Published in WMU North Carolina magazine 2006
“Doing unto others” has taken an interesting twist with a group of women from Rutherford County. Most, but not all, are Baptist, and most, but not all, are members of Women on Mission groups in their churches.
What they share is a heart for helping others.
The all-female crew, mostly middle-aged (the oldest regular participant is 75) work under the direction of a veteran construction team leader who is male and a very good sport about all the ribbing. They are now recognized throughout the county for their volunteer efforts.
“Part of the fun is getting a group of women together to do this,” said group organizer Lori Herrick. “But if we can help draw attention to the huge need for housing repair in this county, then that makes it all worthwhile.”
The group has even taken their skills on the road.
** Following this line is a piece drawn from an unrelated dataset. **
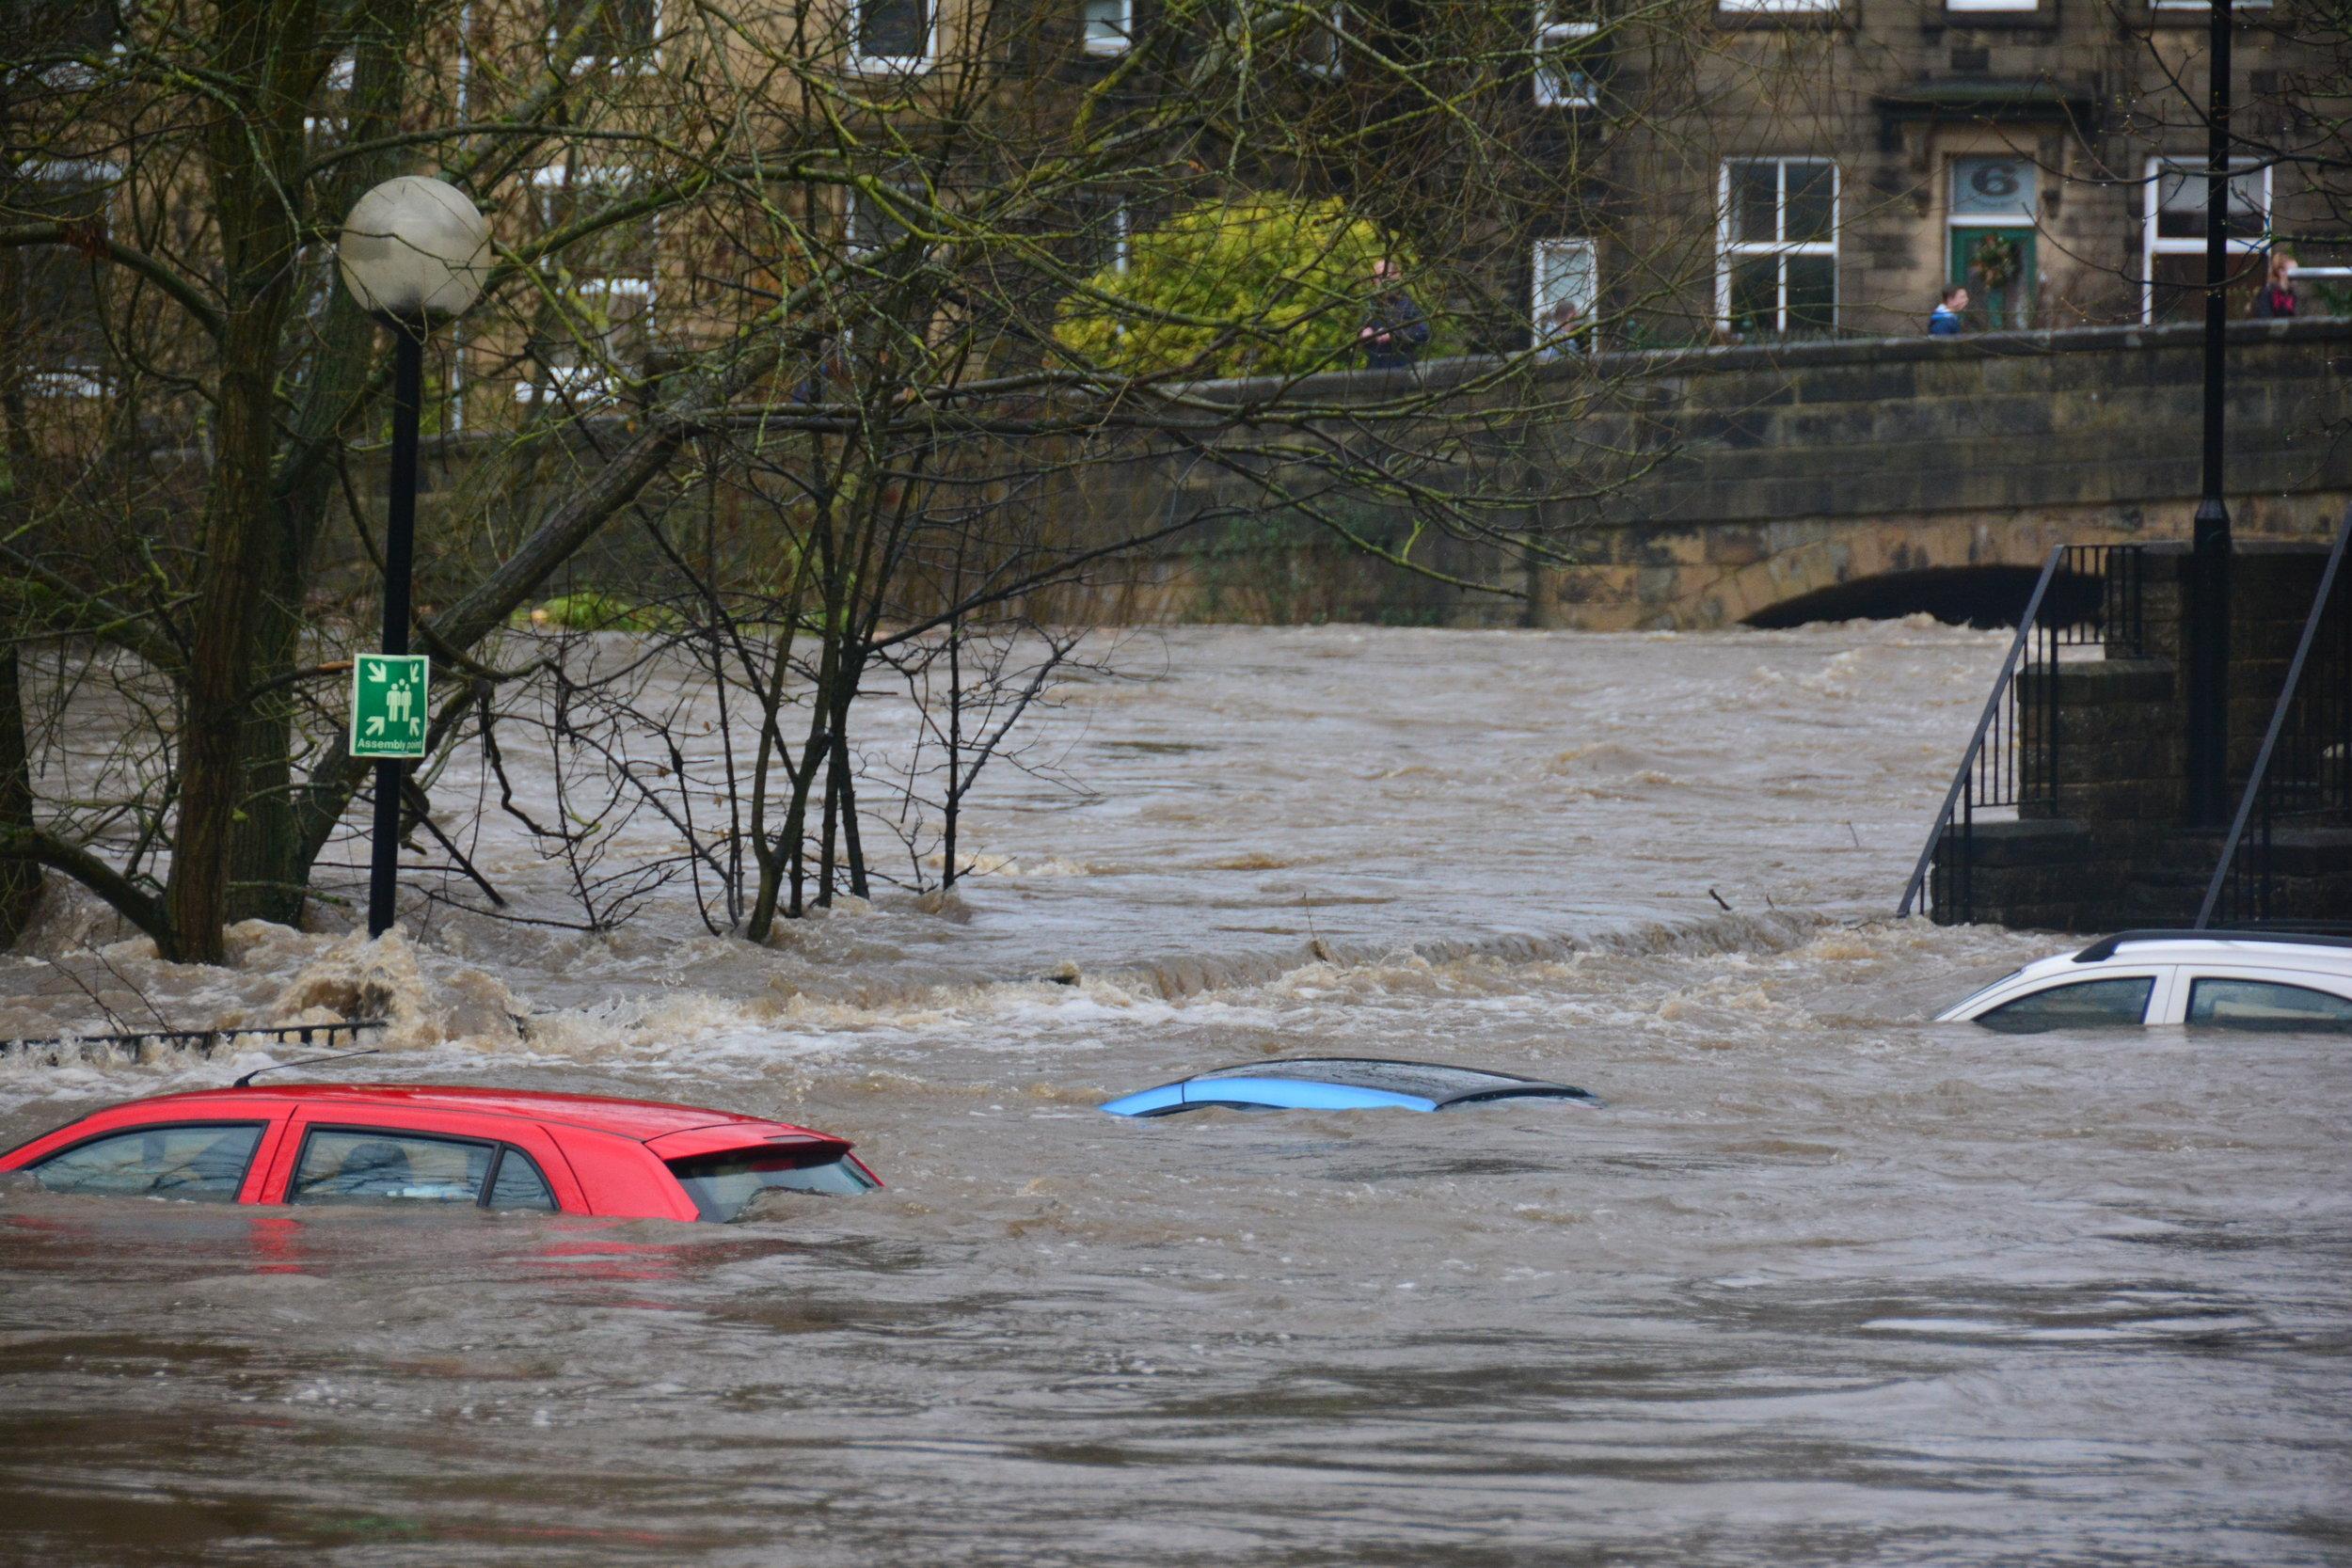 Flood_damage_to_vehicles

Last spring, 18 of them traveled to Gulfport, Mississippi, and replaced the roof on one Katrina-damaged home. Plans are under way for a similar venture in Pearlington, Mississippi, this spring.
The Women Roofers formed in the fall of 2002 when Rutherfordton First Baptist sponsored a team to roof a portion of a house for a local nonprofit, Rutherford Housing Partnership (RHP). The three who showed up to help veteran roofing team leader, Rev. Billy Honeycutt, president of the board of RHP and association director of Green River Baptist Resource Center, happened to be women.
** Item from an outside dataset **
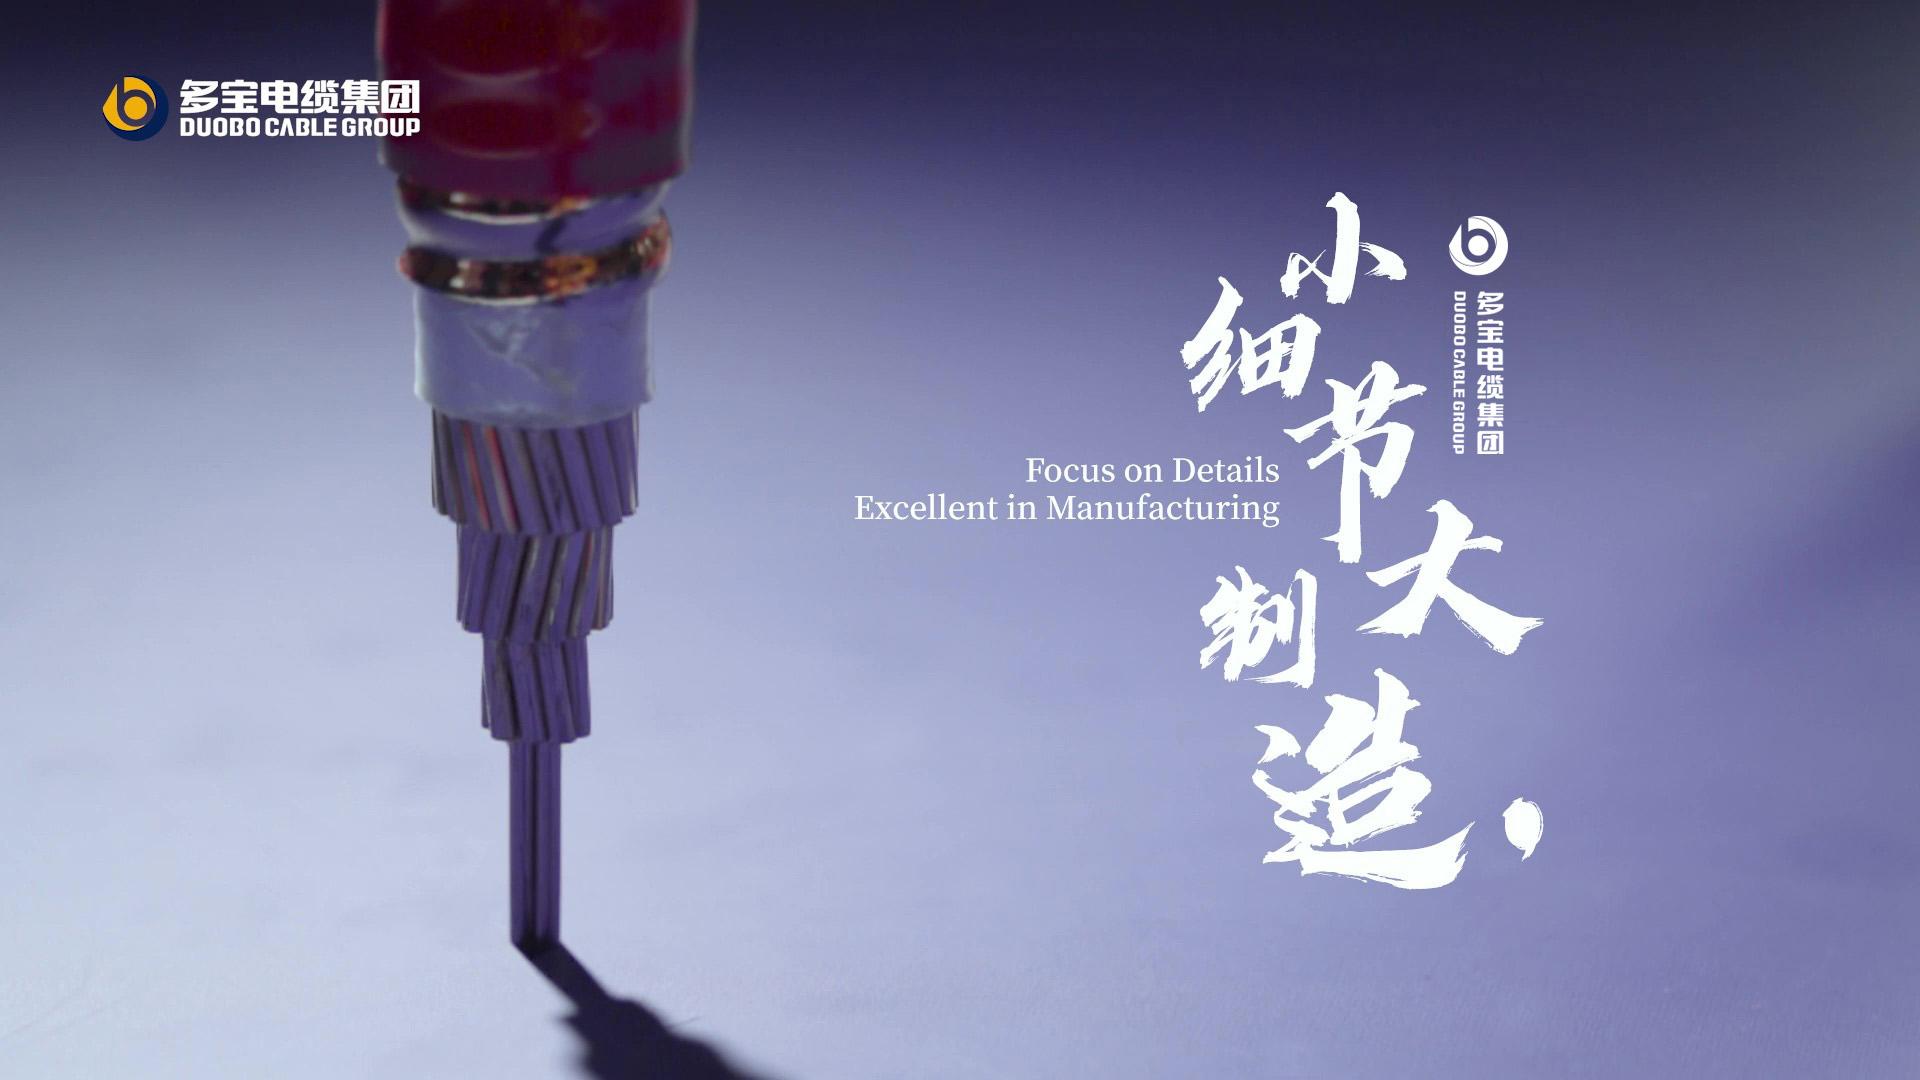 多寶電纜集團宣傳片《小細節大制造》

According to Herrick, “Billy said, ‘Let’s get to work’ without a second thought to the fact that we were women who had no clue what to do.”
Susie Kernodle, one of those first Women Roofers, is also a seamstress. She caught on quickly. “I realized it’s no different from laying out a dress pattern. You just use different tools.”
The more Herrick and Kernodle talked about their roofing experience, the more the idea of an all-female crew formed. Roof after roof, the enthusiasm spread, until now 53 women and a couple of guys get the email announcements about when the next project will begin.
“Women do a lot in the community and the schools,” said Terri Wells, “but it’s not often this kind of physical work. I like the challenge of doing something I’ve never done before.”
Their involvement has spread to others in their churches. When the group traveled to Gulfport, last spring, six local high school students joined them. This spring, three guys plan to join the women, including another crew leader so more sites can receive help.
Members of the group are anxious to return.
“I can't get all those ‘blue roofs’ off my mind and the terrible conditions families in Mississippi are struggling with,” said Hazel Crook. “Besides, I don’t believe God put us here to just take up space. He wants us to give back in some way to ease the struggles of others.”
Terry Honeycutt agreed. “For me, it's not so much, ‘What would Jesus do?’ but ‘What IS Jesus doing?’ I want to join God's work where it is already in progress. We can be the presence of Christ for those people whose lives were fundamentally changed by Hurricane Katrina, just as I'm sure they would be for us if the tables were turned.”
Last spring, the group worked with the NC Baptist Men and replaced a substandard tin roof with sheeting and shingles, replaced and built facia boards around the roof and removed ceilings inside a house in a neighborhood less than a mile from the beach. This year, the group is working through the Pearlington Recovery & Resource Center in Pearlington, Mississippi, a devastated rural area between Gulfport and New Orleans.
“I feel like the work we do can meet needs for people whose lives were turned upside down the day of the hurricane,” Herrick said. “It is my prayer that our labor offers hope to those who have lost everything.”
The experience changed the roofers. “I came back from Mississippi with so much more than I took down there,” said Dianne Ledbetter, “a deeper spiritual sense, both as an individual and in relating to others in our group. I feel a stronger camaraderie in our spiritual journeys now.”
“I don't know what this spring's trip to Mississippi will bring,” said Dianne Ledbetter. “It's a different group to a new area with more needs, but it doesn't matter. I feel confident that God will show us how we can be useful and helpful to some of the people in Pearlington, and that again, we will return home tired, but greatly enriched by our experience.”